Your assignment
Give back every line of the material exactly. Skip the pictures.

Data section
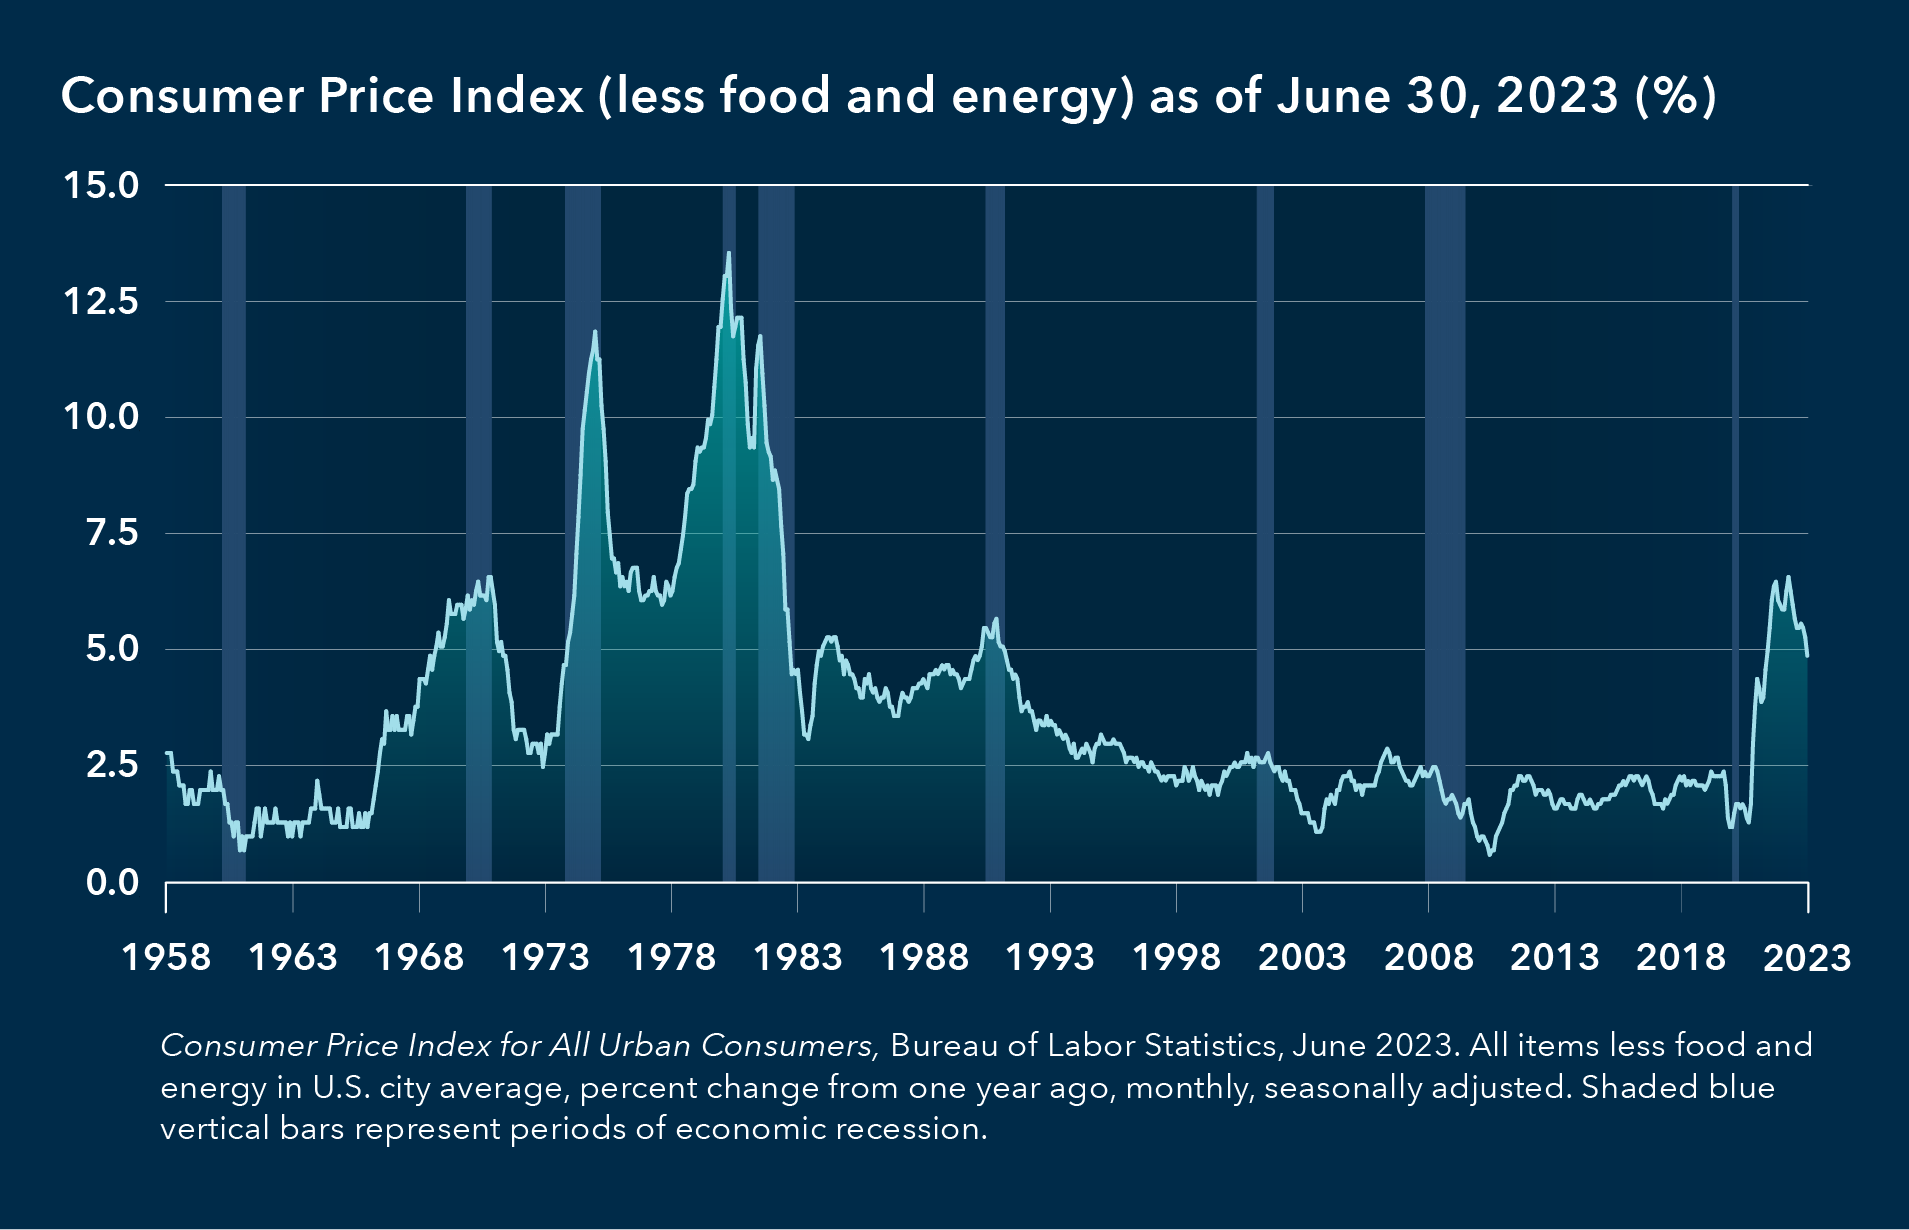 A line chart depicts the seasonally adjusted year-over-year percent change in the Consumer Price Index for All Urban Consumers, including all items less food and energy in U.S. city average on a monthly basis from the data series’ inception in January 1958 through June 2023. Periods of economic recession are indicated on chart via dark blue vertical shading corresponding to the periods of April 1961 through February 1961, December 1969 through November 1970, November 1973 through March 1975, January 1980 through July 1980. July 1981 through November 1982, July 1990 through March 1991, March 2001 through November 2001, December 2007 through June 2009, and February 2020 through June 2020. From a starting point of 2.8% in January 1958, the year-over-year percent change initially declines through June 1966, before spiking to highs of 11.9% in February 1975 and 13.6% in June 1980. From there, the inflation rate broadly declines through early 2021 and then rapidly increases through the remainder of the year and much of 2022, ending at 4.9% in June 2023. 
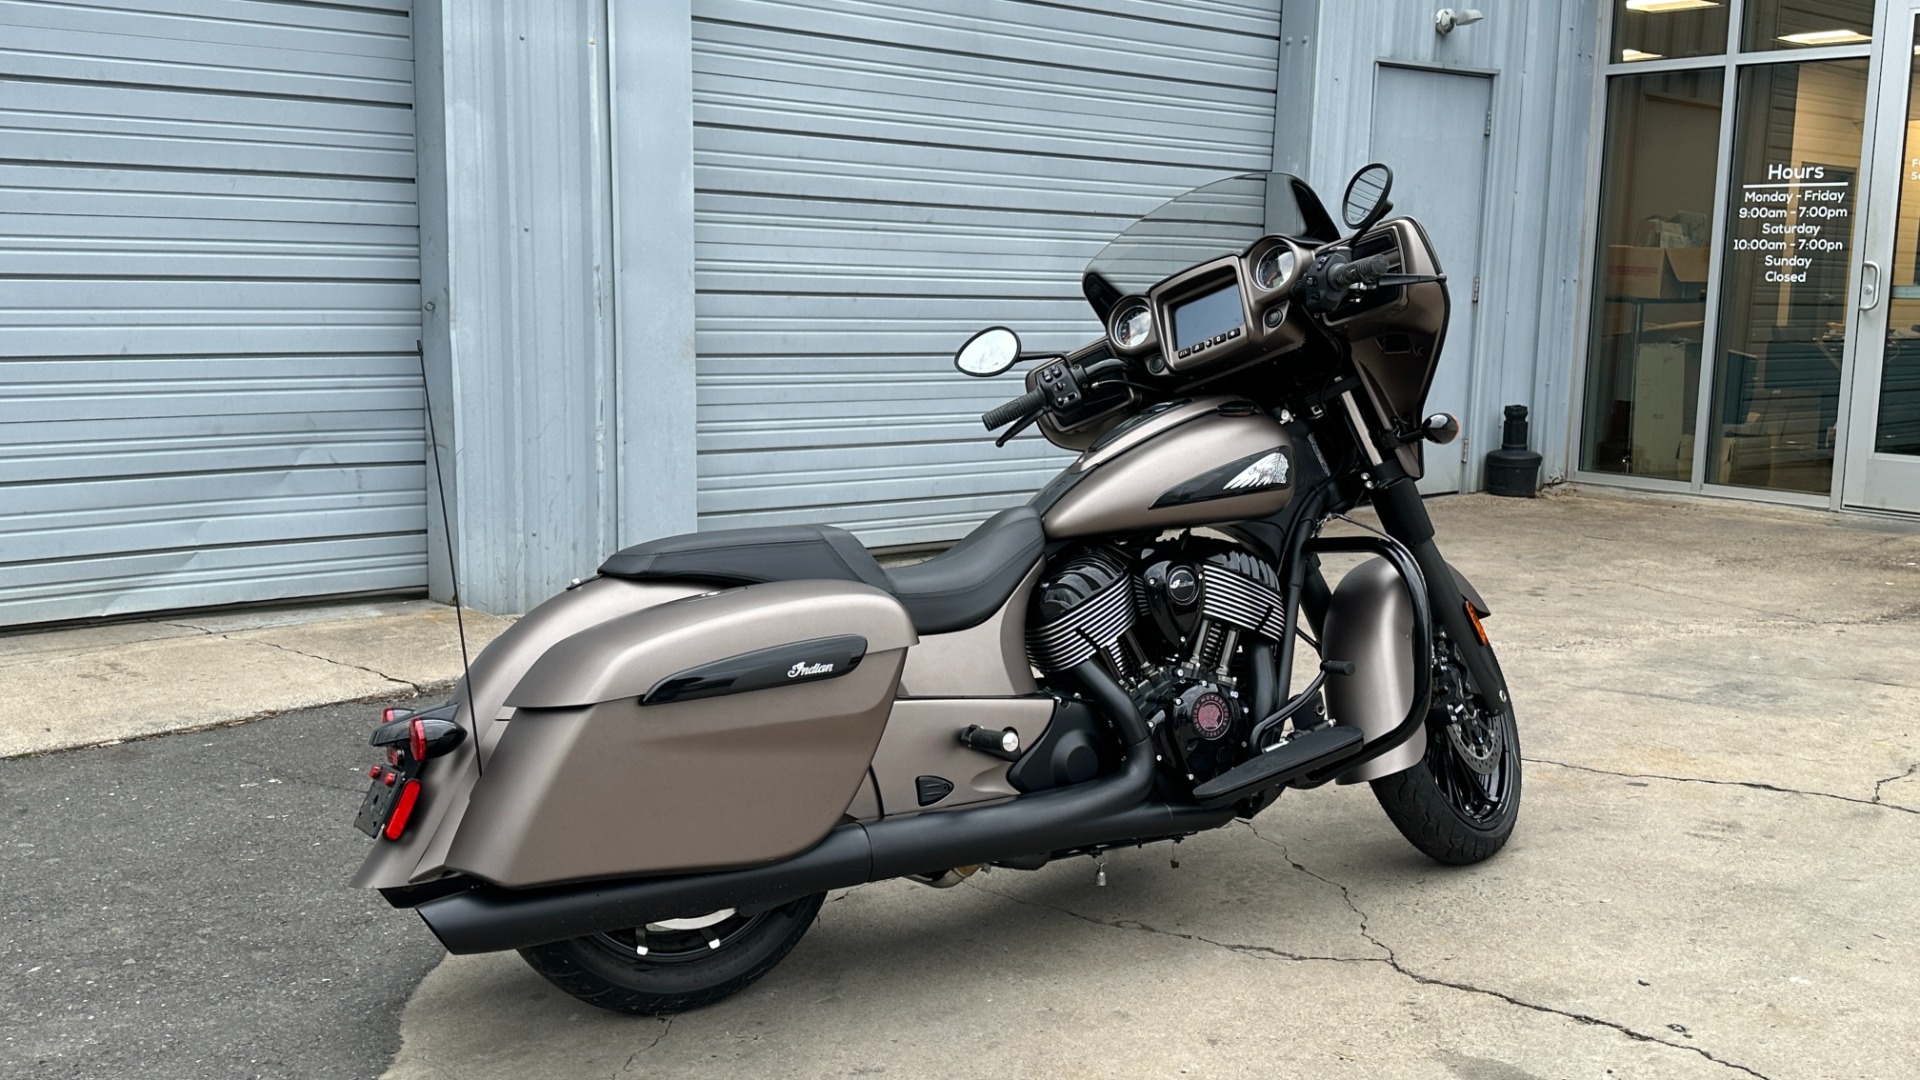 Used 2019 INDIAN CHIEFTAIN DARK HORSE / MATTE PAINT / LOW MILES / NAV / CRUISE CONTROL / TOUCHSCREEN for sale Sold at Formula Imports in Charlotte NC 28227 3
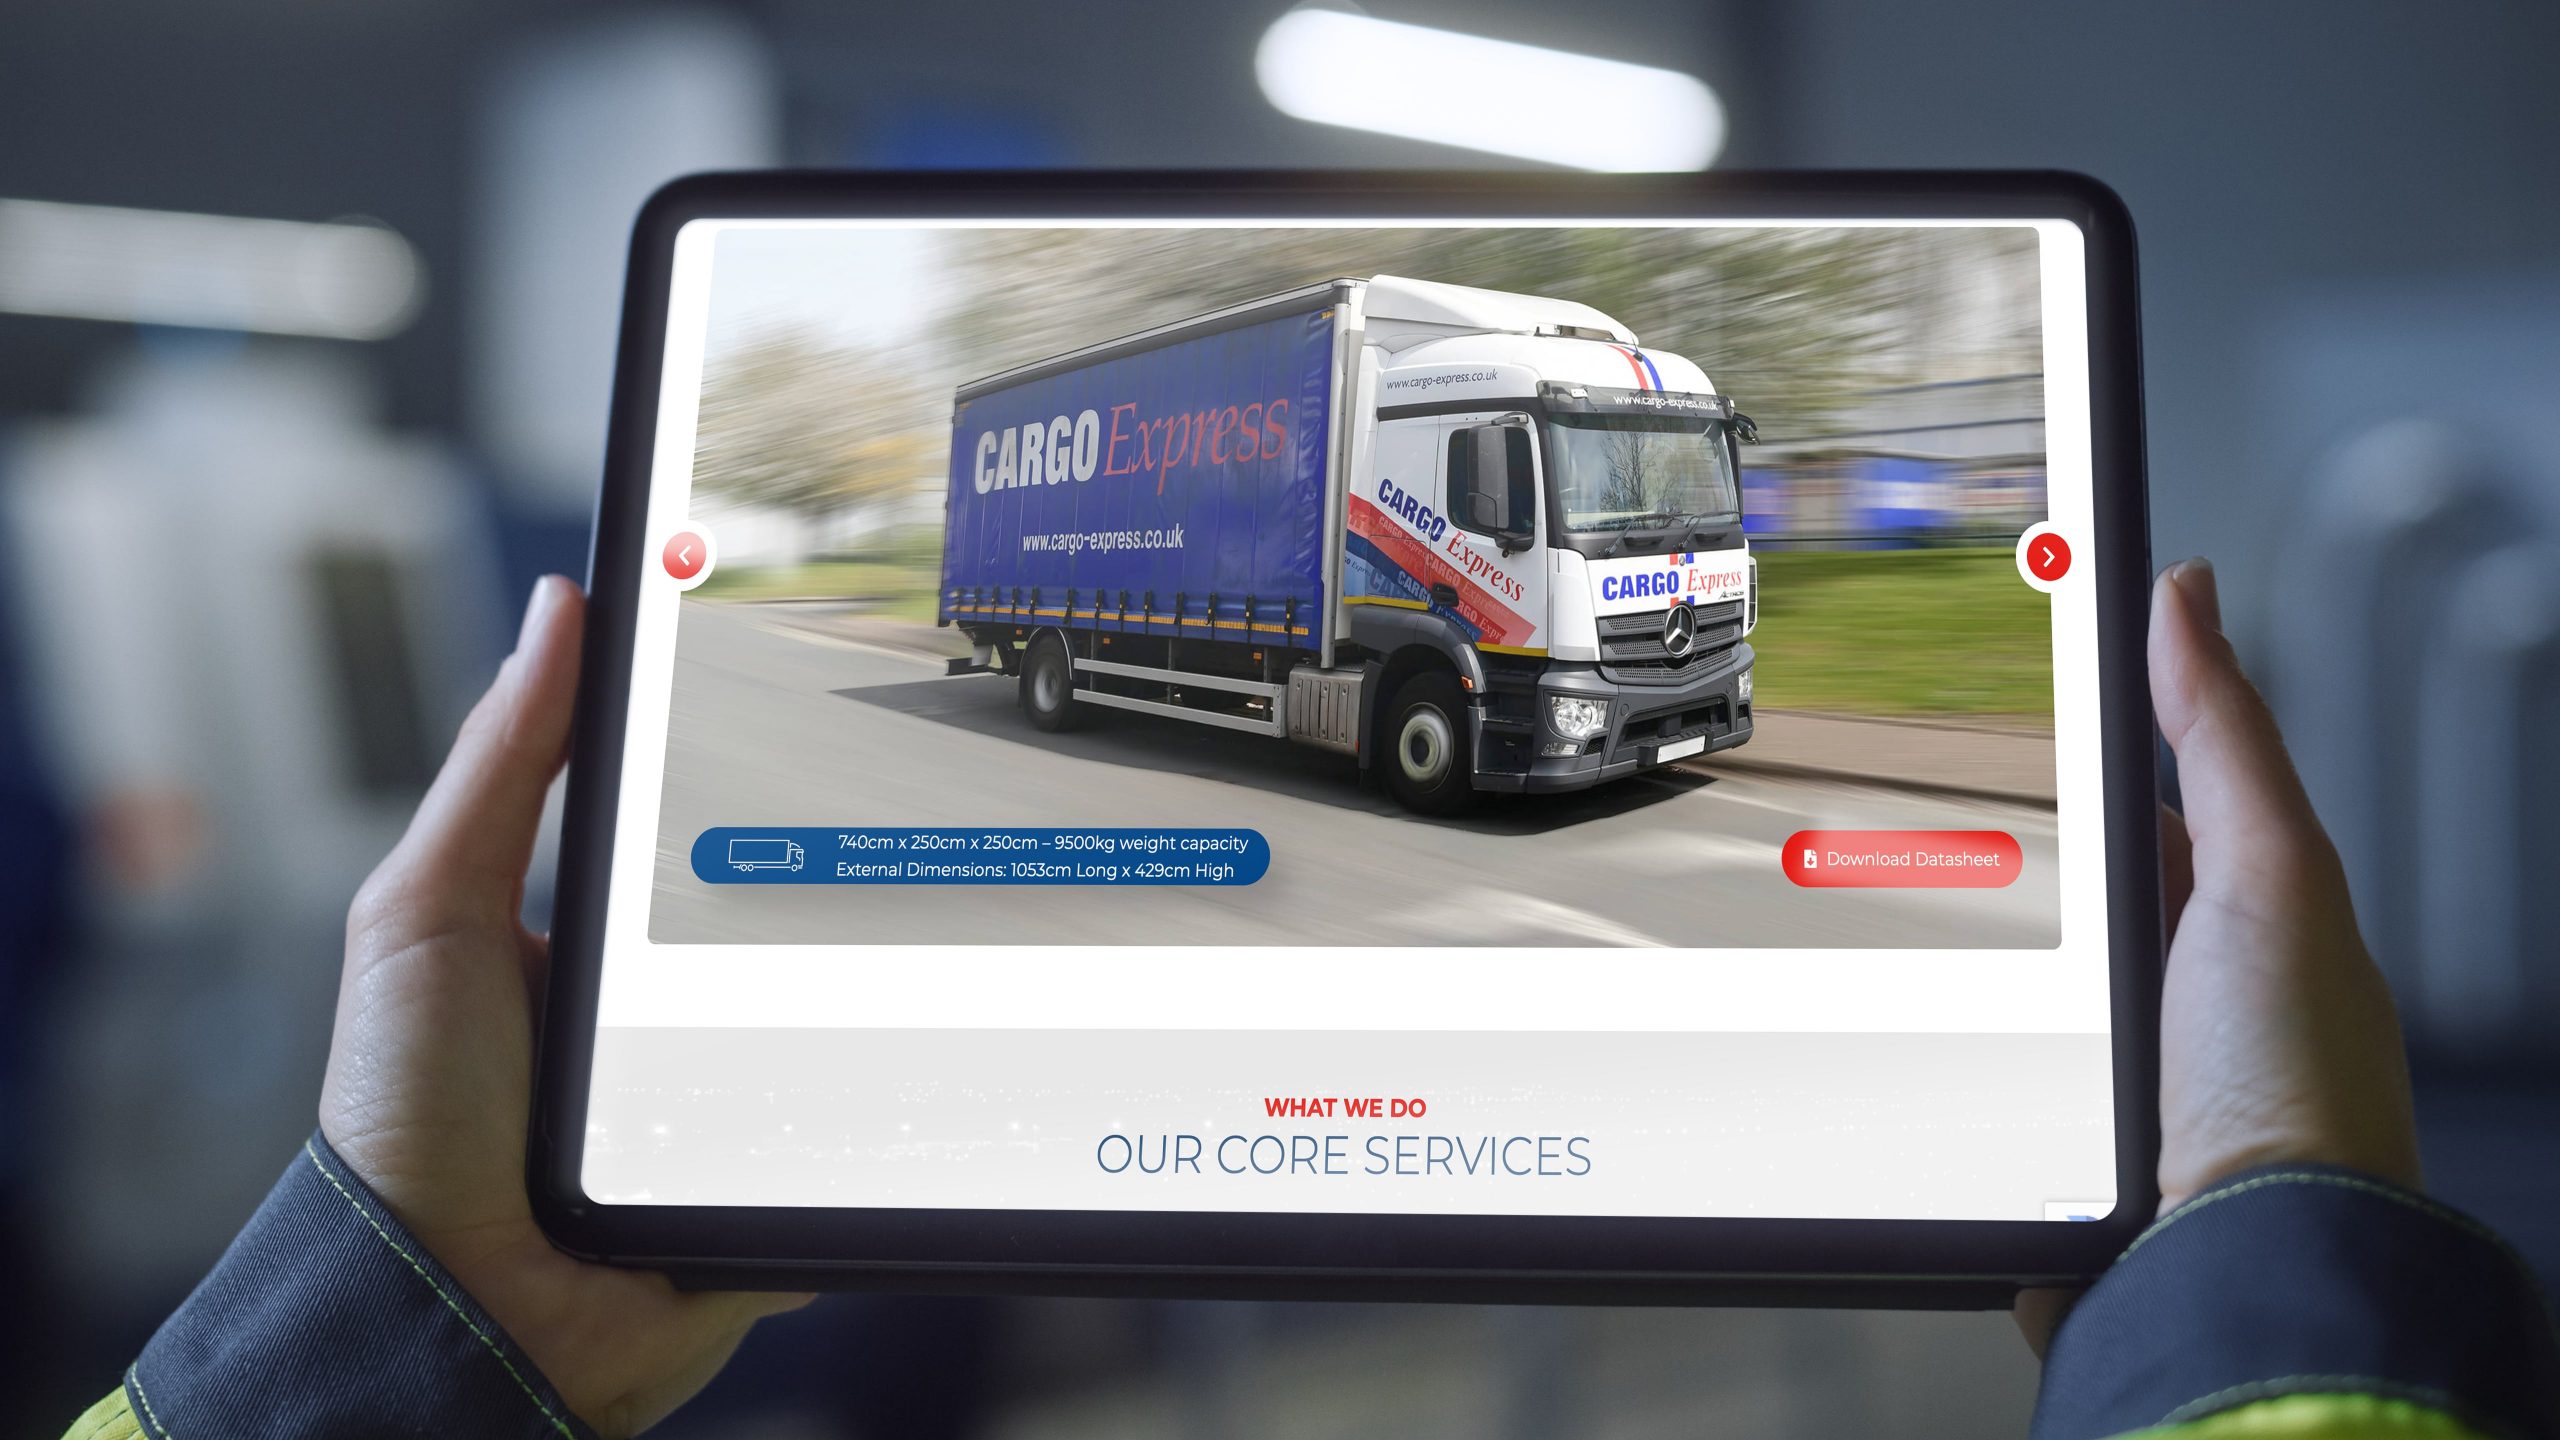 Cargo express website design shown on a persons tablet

Expected answer
 A line chart depicts the seasonally adjusted year-over-year percent change in the Consumer Price Index for All Urban Consumers, including all items less food and energy in U.S. city average on a monthly basis from the data series’ inception in January 1958 through June 2023. Periods of economic recession are indicated on chart via dark blue vertical shading corresponding to the periods of April 1961 through February 1961, December 1969 through November 1970, November 1973 through March 1975, January 1980 through July 1980. July 1981 through November 1982, July 1990 through March 1991, March 2001 through November 2001, December 2007 through June 2009, and February 2020 through June 2020. From a starting point of 2.8% in January 1958, the year-over-year percent change initially declines through June 1966, before spiking to highs of 11.9% in February 1975 and 13.6% in June 1980. From there, the inflation rate broadly declines through early 2021 and then rapidly increases through the remainder of the year and much of 2022, ending at 4.9% in June 2023. 
 Used 2019 INDIAN CHIEFTAIN DARK HORSE / MATTE PAINT / LOW MILES / NAV / CRUISE CONTROL / TOUCHSCREEN for sale Sold at Formula Imports in Charlotte NC 28227 3
 Cargo express website design shown on a persons tablet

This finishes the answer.